Expert: Scotto - 3/8/2010

Question
QUESTION: A rocket rises vertically from a point on the ground that is 100 m from an observer at ground level. The observer notes that the angle of elevation is increasing at a rate of 12 degrees  per second when the angle of elevation is 60 degrees . Find the speed of the rocket at that instant. Hint: remember to use radians.

ANSWER: Convert to polar coordinates.

Use x² + y² = r² and y/x = tanΘ., where x is a constant of 100.

Note that dΘ/dt = 12°/s.  In calculus, work needs to be done in radians.  12° = π/15 radians.

Once the derivative has been taken, note that an angle of 60° makes the height 100√3
and the hypoteneuse 2*base = 100.

To find the speed of the rocket, note that it is dy.
Since x is a constant, dy is found by taking the derivative of y/x = tanΘ
and getting (1/x)dy = sec²Θ dΘ.

The values of x, Θ, and dΘ are known, so dy can be found.


---------- FOLLOW-UP ----------

QUESTION: im not sure if i understood properly can u plz futher solve the problem so i can get and idea of how to do it

Answer
The x measurement is 100.  The y measurement is unknown.
From both of these, it is known that r² = x² + y².
Putting in x=100, we get r² = 10,000 + y².
Taking the derivative gives us 2r dr = 2y dy.

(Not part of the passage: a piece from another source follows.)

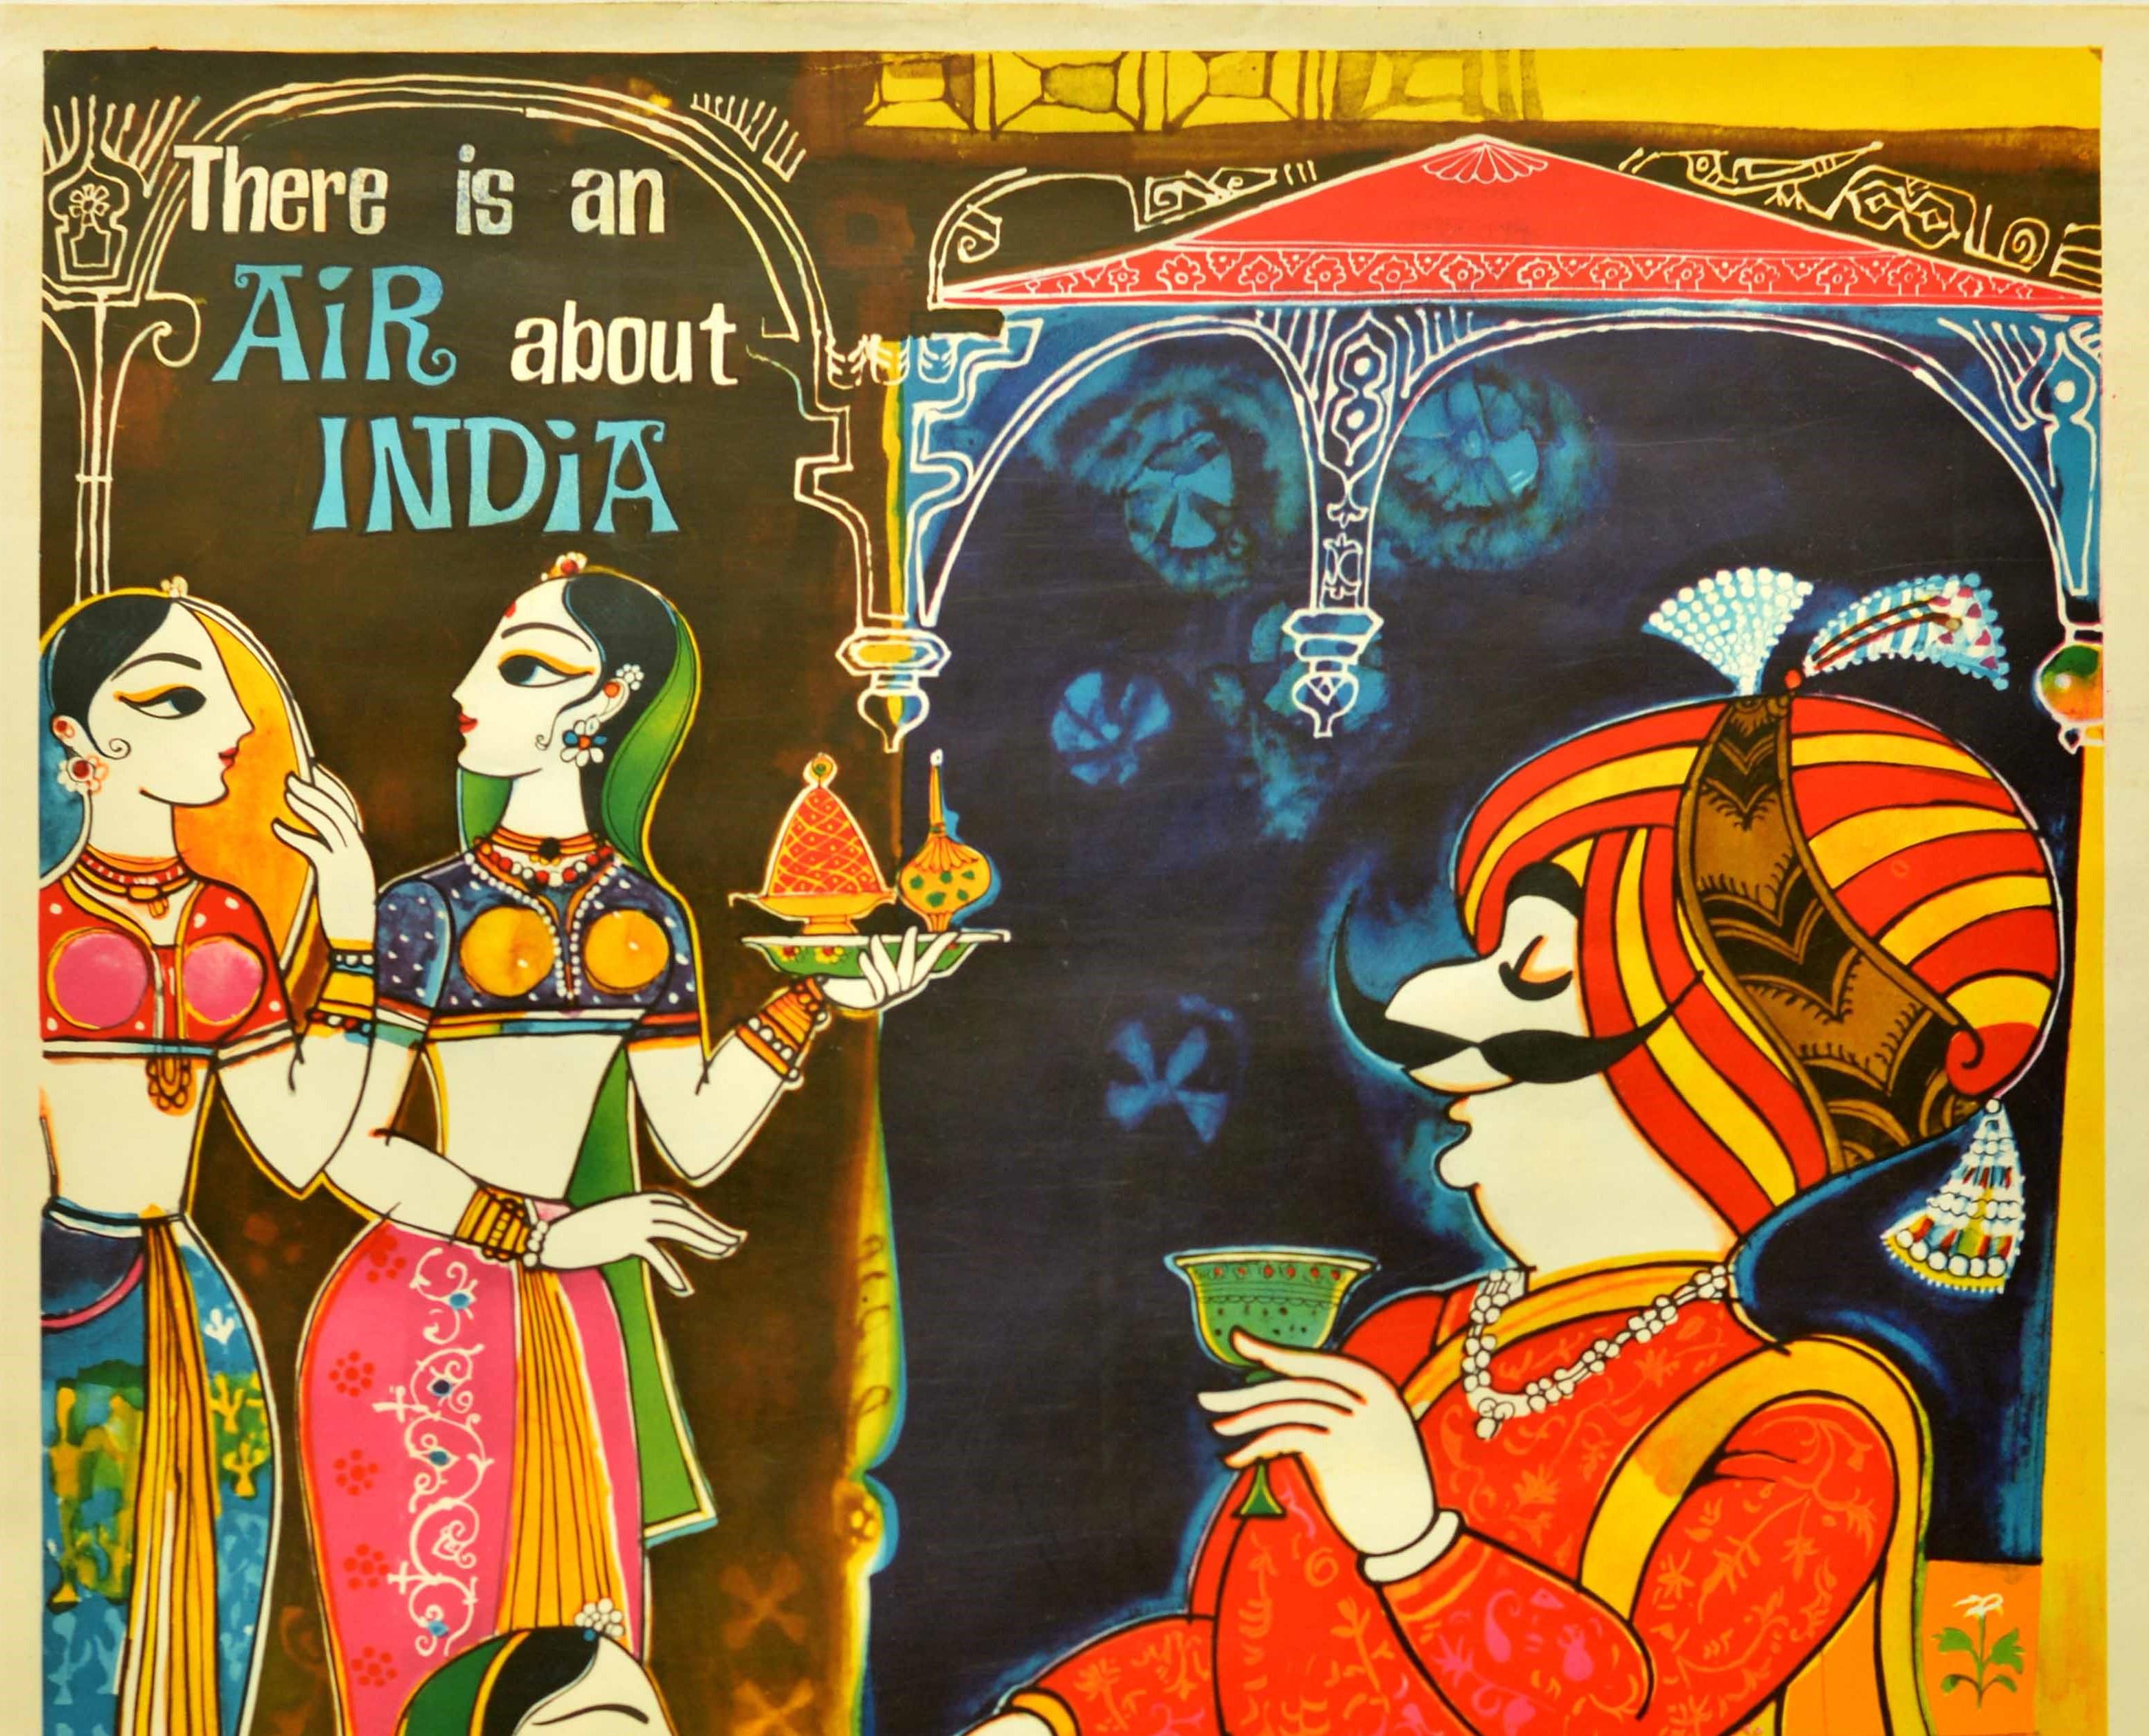 Original Vintage Air India Travel Poster There Is An Air About India Maharajah - Print by J.B. Cowasji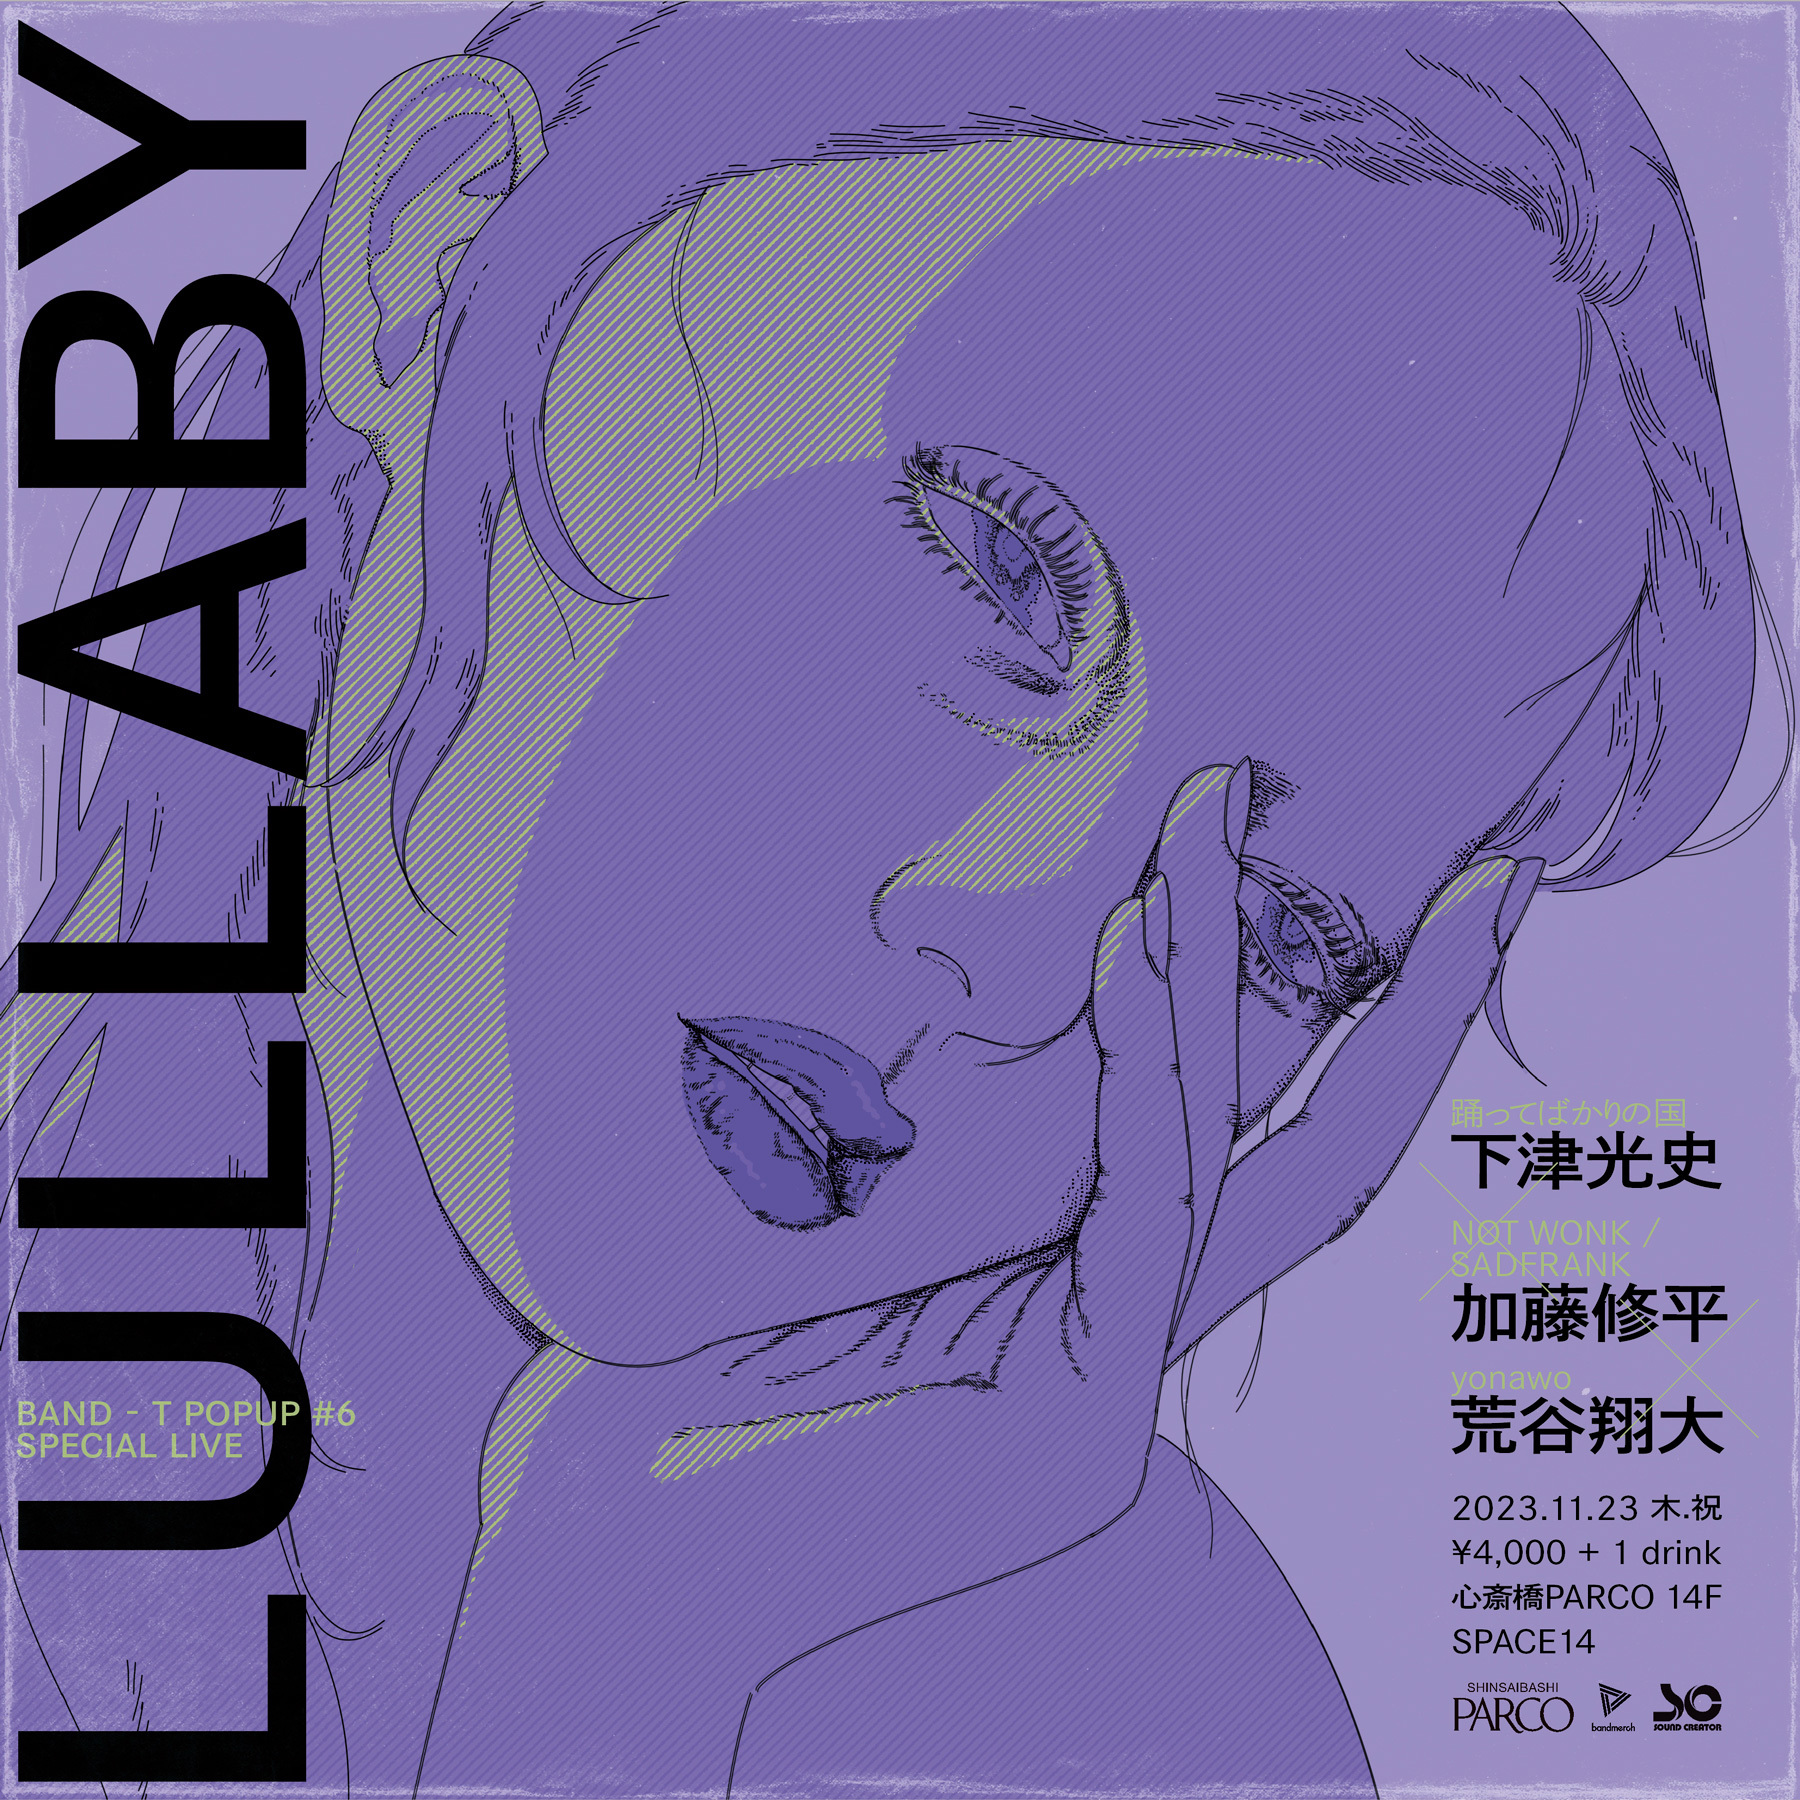 『Lullaby -BAND-T POPUP #6 SPECIAL LIVE -』

It is known that the angle Θ has the property that tanΘ = y/x.
Taking the derivative gives sec²(Θ) dΘ = (1/x) dy since x is a constant { namely, 100 }.
This can be used to say that dy = 100*sec²(Θ)*dΘ.

It is known that dΘ = 12°/sec.  Multiply by π/180 to get radians.  Thus, dΘ = 12π/180 = π/15.

We are given that Θ = 60°, and that, converted to radians by *π/180 is Θ = π/3.
It is known that sec(60°) = 1/cos(60°) = 1/(1/2) = 2.

Since we have x = 100, sec(60°) = 2, and dΘ = π/15,
these can all be put in dy = x*sec²(60°)*dΘ to find dy.